R: Class '"LVQs"'

LVQs-class {nnlib2Rcpp}

R Documentation

Class `"LVQs"`

Description

Supervised Learning Vector Quantization (LVQ) NN module, for data classification.

Extends

Class "RcppClass", directly.

All reference classes extend and inherit methods from "envRefClass".

Fields

.CppObject:: Object of class C++Object ~~
.CppClassDef:: Object of class activeBindingFunction ~~
.CppGenerator:: Object of class activeBindingFunction ~~

Methods

encode(data, desired_class_ids, training_epochs):: Encode input and output (classification) for a dataset using a LVQ NN (which sets up accordingly if required). Parameters are:

data: training data, a numeric matrix, (2d, cases in rows, variables in columns). Data should be in 0 to 1 range.
desired_class_ids : vector of integers containing a desired class id for each training data case (row). Should contain integers in 0 to n-1 range, where n is the number of classes.
training_epochs: integer, number of training epochs, aka presentations of all training data to the NN during training.

recall(data_in, min_rewards):

Get output (classification) for a dataset (numeric matrix data_in) from the (trained) LVQ NN. The data_in dataset should be 2-d containing data cases (rows) to be presented to the NN and is expected to have same number or columns as the original training data. Returns a vector of integers containing a class id for each case (row).Parameters are:

data_in: numeric 2-d matrix containing data cases (as rows).
min_rewards: (optional) integer, ignore output nodes that (during encoding/training) were rewarded less times that this number (default is 0, i.e. use all nodes).
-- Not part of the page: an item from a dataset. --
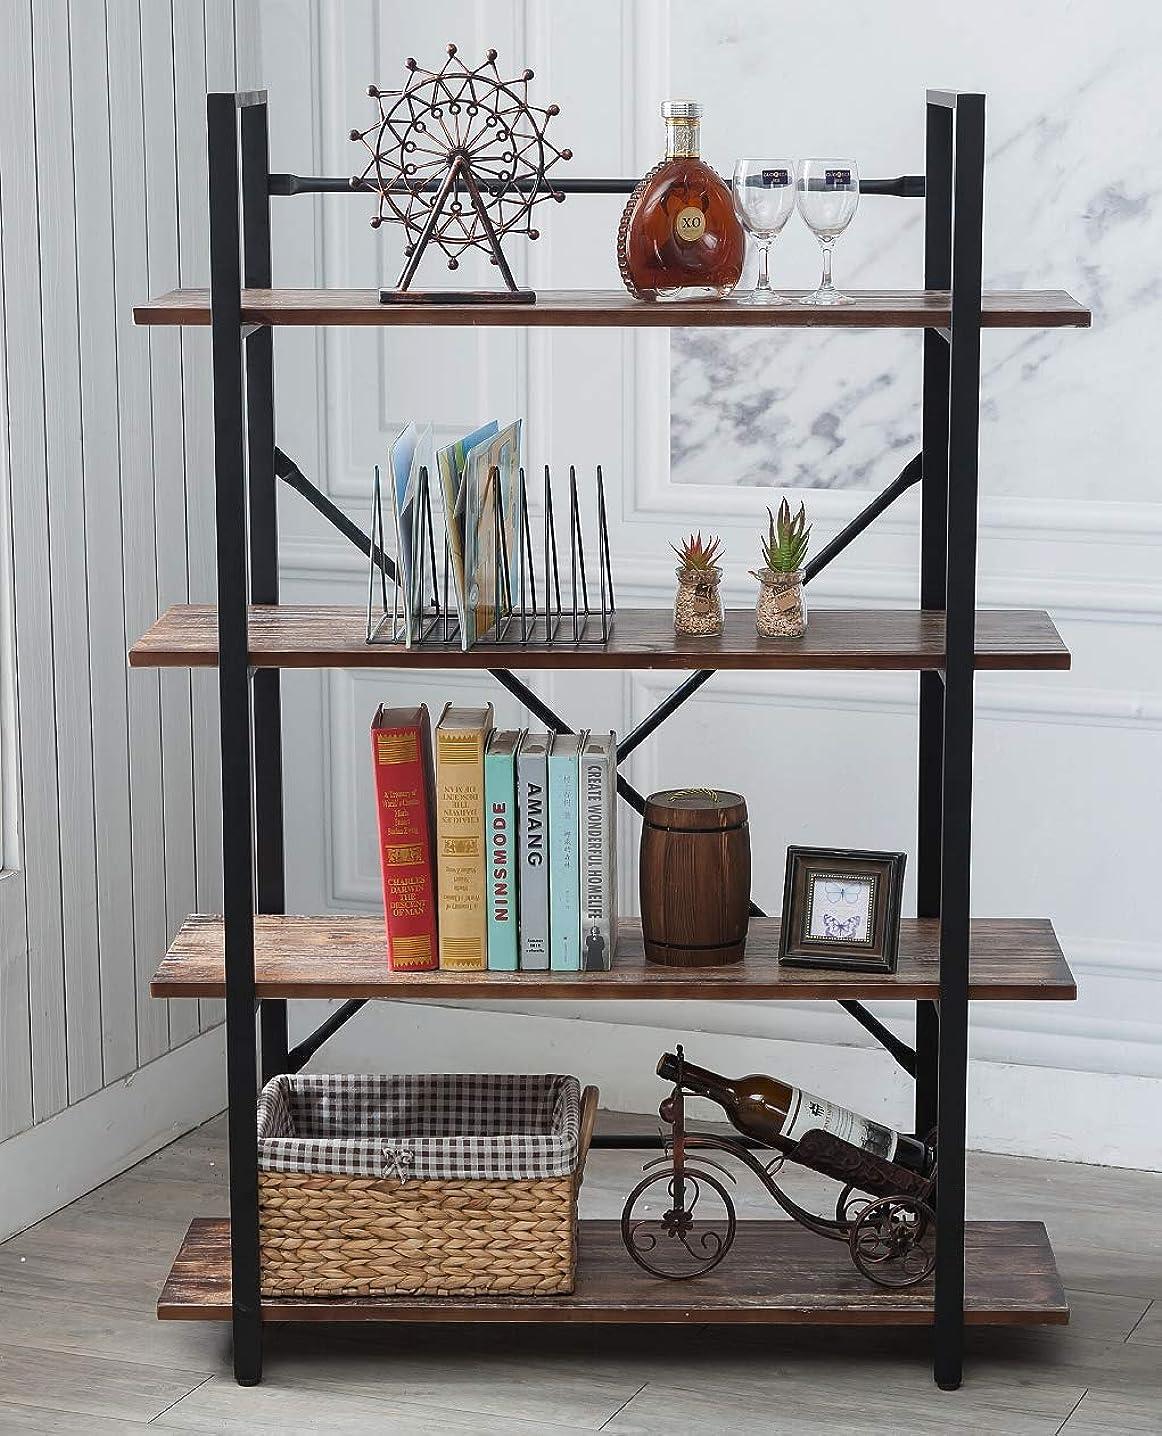 BIXIRAO 4 Tiers Industrial Open Bookcases, Wood Book Shelves, Etagere - Storage Rack Display Stand - Metal Book Shelves, Black (4-Tier Solid Wood Bookcase)

setup( input_length, int number_of_classes, number_of_nodes_per_class ):

Setup an untrained supervised LVQ for given input data vector dimension and number of classes. Parameters are:

input_length: integer, dimension (length) of input data vectors.
number_of_classes: integer, number of classes in data (including empty ones).
number_of_nodes_per_class: (optional) integer, number of output nodes (PE) to be used per class. Default is 1.

train_single (data_in, class_id, epoch):

Encode a single [input vector,class] pair in the LVQ NN. Only performs a single training iteration (multiple may be required for proper encoding). Vector length and class id should be compatible to the current NN (as resulted from the encode, setup or load methods). Returns TRUE if succesfull, FALSE otherwise. Parameters are:

data_in: numeric, data vector to be encoded.
class_id: integer, id of class corresponding to the data vector.(ids start from 0).
epoch: integer, presumed epoch during which this encoding occurs (learning rate decreases with epochs in supervised LVQ).

get_weights():

Get the current weights (codebook vector coordinates) of the 2nd component (connection_set). If successful, returns NumericVector of connection weights (otherwise vector of zero length).

set_weights( data_in ):

Set the weights of the 2nd component (connection_set), i.e. directly define the LVQ's codebook vectors. If successful, returns TRUE. Parameters are:

data_in: NumericVector, data to be used for new values in weight registers of connections (sizes must match).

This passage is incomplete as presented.